Goodbye Presidential race Rick Santorum

What can be said about Rick Santorum that hasn’t been screamed countless times before? Is there anything to be said about the crying, talking, sleeping, walking, living avatar of the Old Testament that can come close to constructive criticism?

In short I’d like to say no, but I feel it wouldn’t be fair if Ricky escaped my bile and anger without some heavily biased sayonara; I’d be cheating myself out of a final tirade, having spent months flying into arm-flailing rants at the very mention of his (now filthy) name. So here it goes.

When the Republican nominations began I took my usual position of swearing loudly at a picture of each one, isolating each candidate’s most loathsome trait.

Mitt Romney, for example, is the success of a conservative scientist whisking the DNA of Ronald Reagan and Bush Sr. into one body; that is two twinkle-eyed smirking liars for the price of one.

Wild-eyed harridan Michelle Bachman has her “rehabilitation clinics” for homosexuals, and if that isn’t enough reason to pray that her husband is gay I don’t know what is.

Let us not forget Ashton Kutcher pranks Herman Cain and Rick Perry. Cain dropped out because he loved the pussy and Perry vanished because he didn’t collect enough cereal packets or something.

There was also rotund Clinton-era hypocrite Newt Gingrich and accidental racist Ron Paul, both of whom are trailing behind in the race, the Republican equivalents of hot farts on a jog.

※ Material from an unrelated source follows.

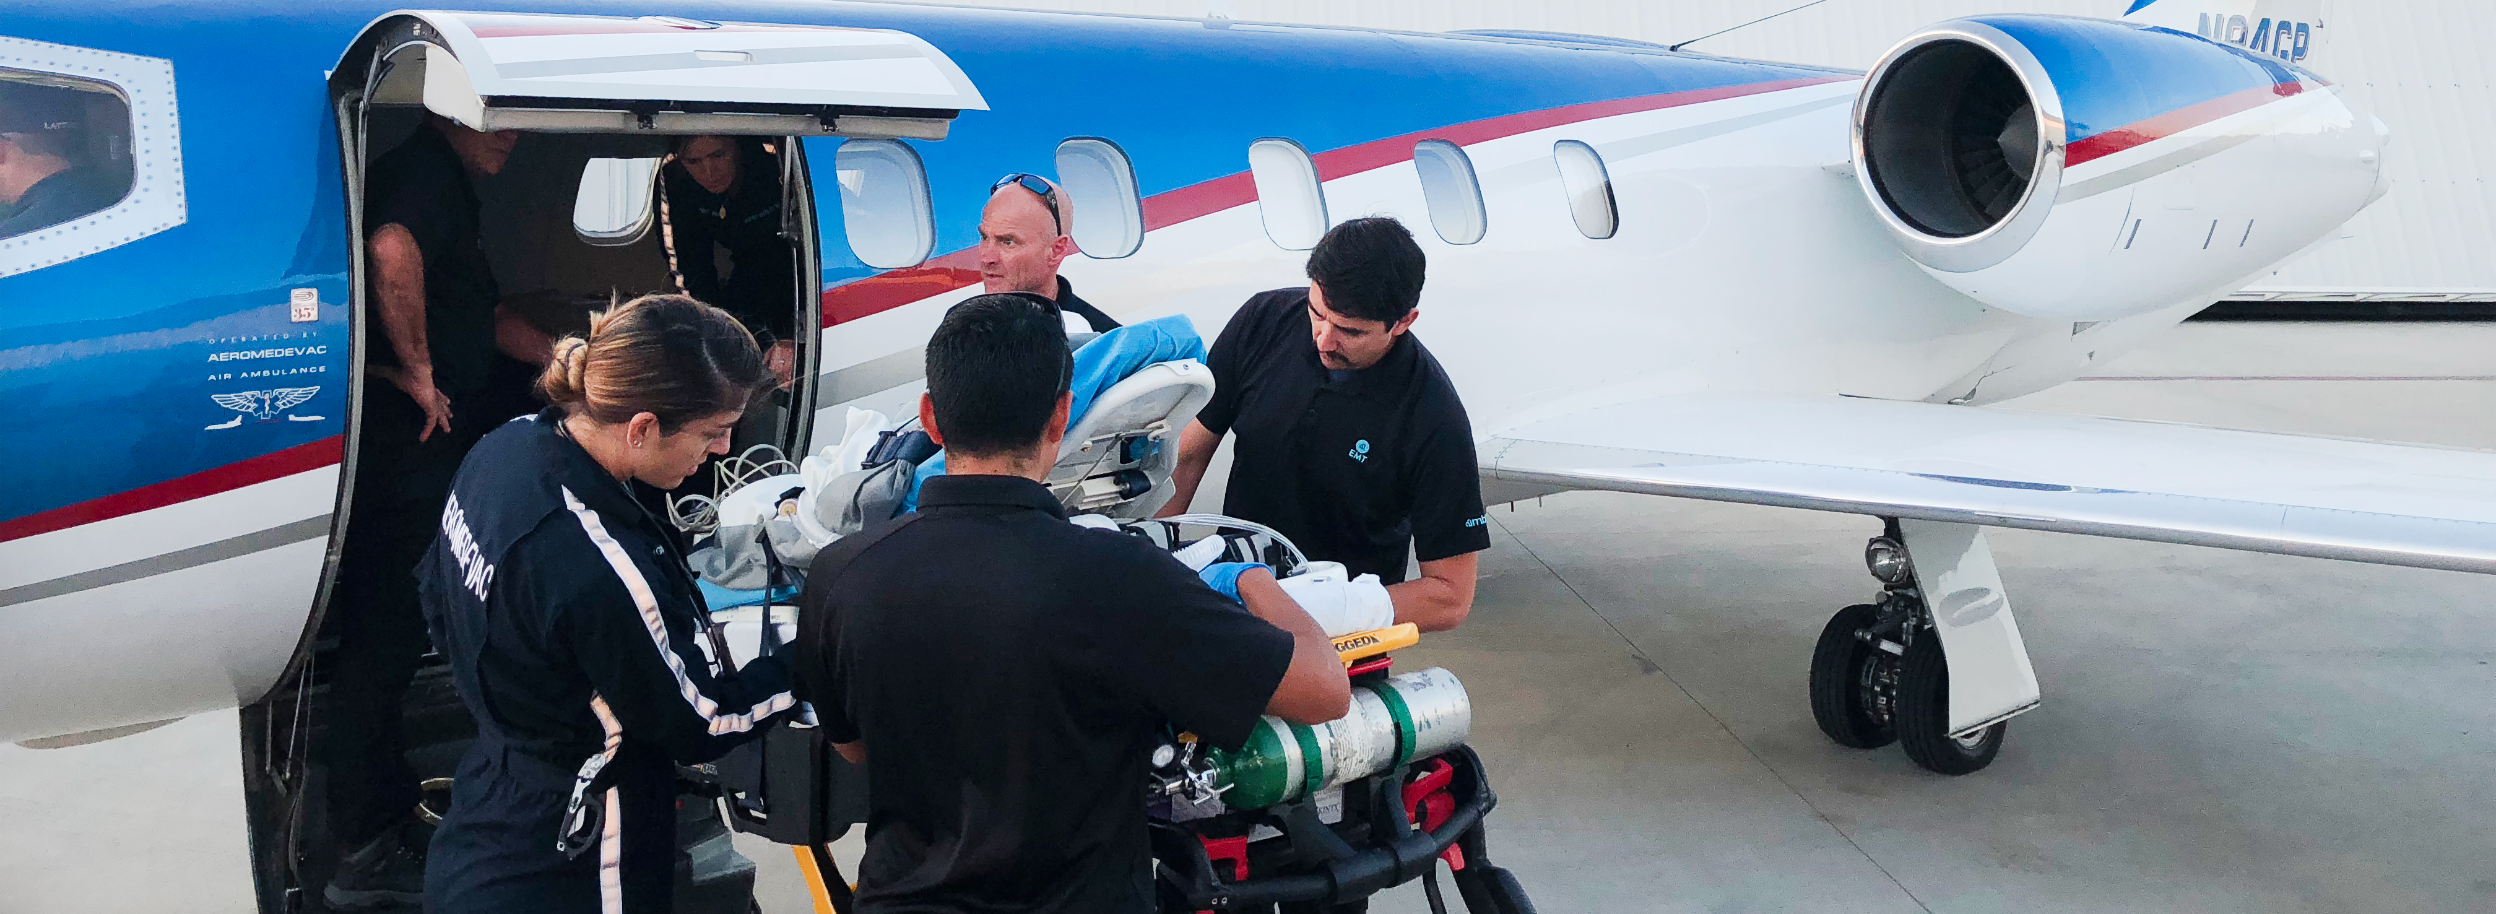 El equipo médico de Aeromedevac prepara a un paciente para embarcar en un avión medicalizado.

But oh, Santorum! I knew there was something special about him. Once I stared into the squinty, sodomy-fearing eyes of that cheap Jerry Seinfeld there was an awakening…one not felt since Kanye didn’t allow Taylor Swift to finish.

For every aggressive cynic, it was a match made in, ahem, Heaven. I say this because there is literally nothing about him that isn’t risible; only in America could one nominee get this far relying on an unhealthy interest in the collusion of men’s genitals.

Santorum is that rare entity that thinks about gay sex more than gay people do. I chuckle at the thought of him letting out a girlish yelp every time a salacious thought involving a dong floats into his head.

His views on homosexuality have shocked so many, that writer Dan Savage redefined ‘Santorum’ as "the frothy mixture of lube and faecal matter that is sometimes the by-product of anal sex."     No other candidate will have such a lasting legacy; then again, no other candidate has a face that so loudly cries out for a mushroom-stamp.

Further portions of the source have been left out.